Nitrous oxide is about ten times as potent a GHG as methane [1]. It is formed by microbial denitrification in soil and in anaerobic slurries, both of which are exacerbated by the oversupply of dietary protein to cattle. The quantity of protein flowing from the rumen is a major factor that limits the productivity of ruminant livestock production [24, 25]. The protein reaching the abomasum consists of a mixture of dietary and microbial protein and, following digestion and absorption, it provides the amino acids upon which ruminants depend for their amino acid requirements. Rumen wall tissue protein turnover also contributes to the protein drain imposed by ruminal microorganisms, because ruminal bacteria tend to invade and digest ruminal epithelial tissues [26, 27]. In order to compensate for these inefficiencies, ruminant livestock producers tend to oversupply the animals with relatively cheap protein sources such as soybean meal. The excess N is excreted in urine and faeces, which then present a disposal problem.
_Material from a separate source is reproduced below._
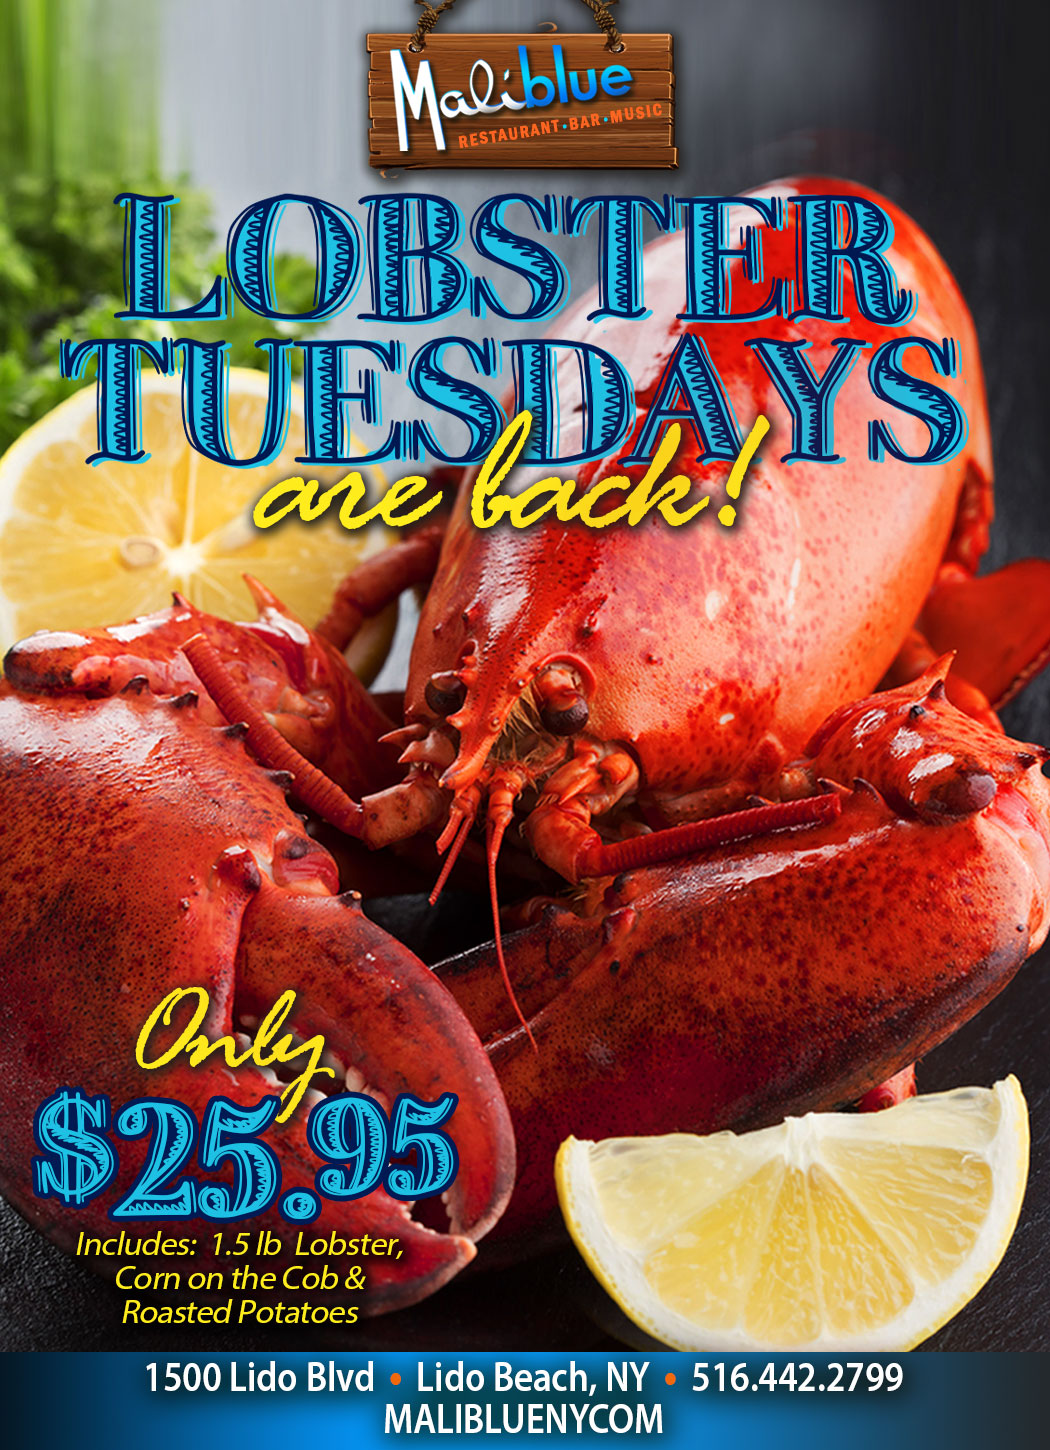 Lobster Tuesdays at Maliblue Restaurant

Nitrous oxide emissions are equivalent to methane emissions in Scotland in terms of GHG from agriculture [28]. Nitrogenous excretion from ruminants is therefore another area that needs to be addressed. Part of the inefficiency stems from the animal itself, with inefficient amino acid metabolism, but the main inefficiency arises from the proteolytic and bacteriolytic activities of ruminal microorganisms [24, 25].

Rumen microbial metagenomics and GHG emissions

The first application of the metagenome concept to the rumen microbiota was gene mining, whereby gene libraries that were sequenced from the total DNA of ruminal digesta were screened for target activities. This approach proved successful in the discovery and characterisation of many key microbial enzymes such as glycosyl hydrolases [2933], polyphenol oxidases [34], and lipases [35, 36]. During annotation of whole metagenomes in rumen studies, it was apparent that the majority of the open reading frames (ORF) encoded genes that were unknown or not yet included in reference databases. Furthermore, with the vast majority of ruminal species yet to be cultivated in vitro [37, 38], the potential of metagenome mining in the rumen is vast.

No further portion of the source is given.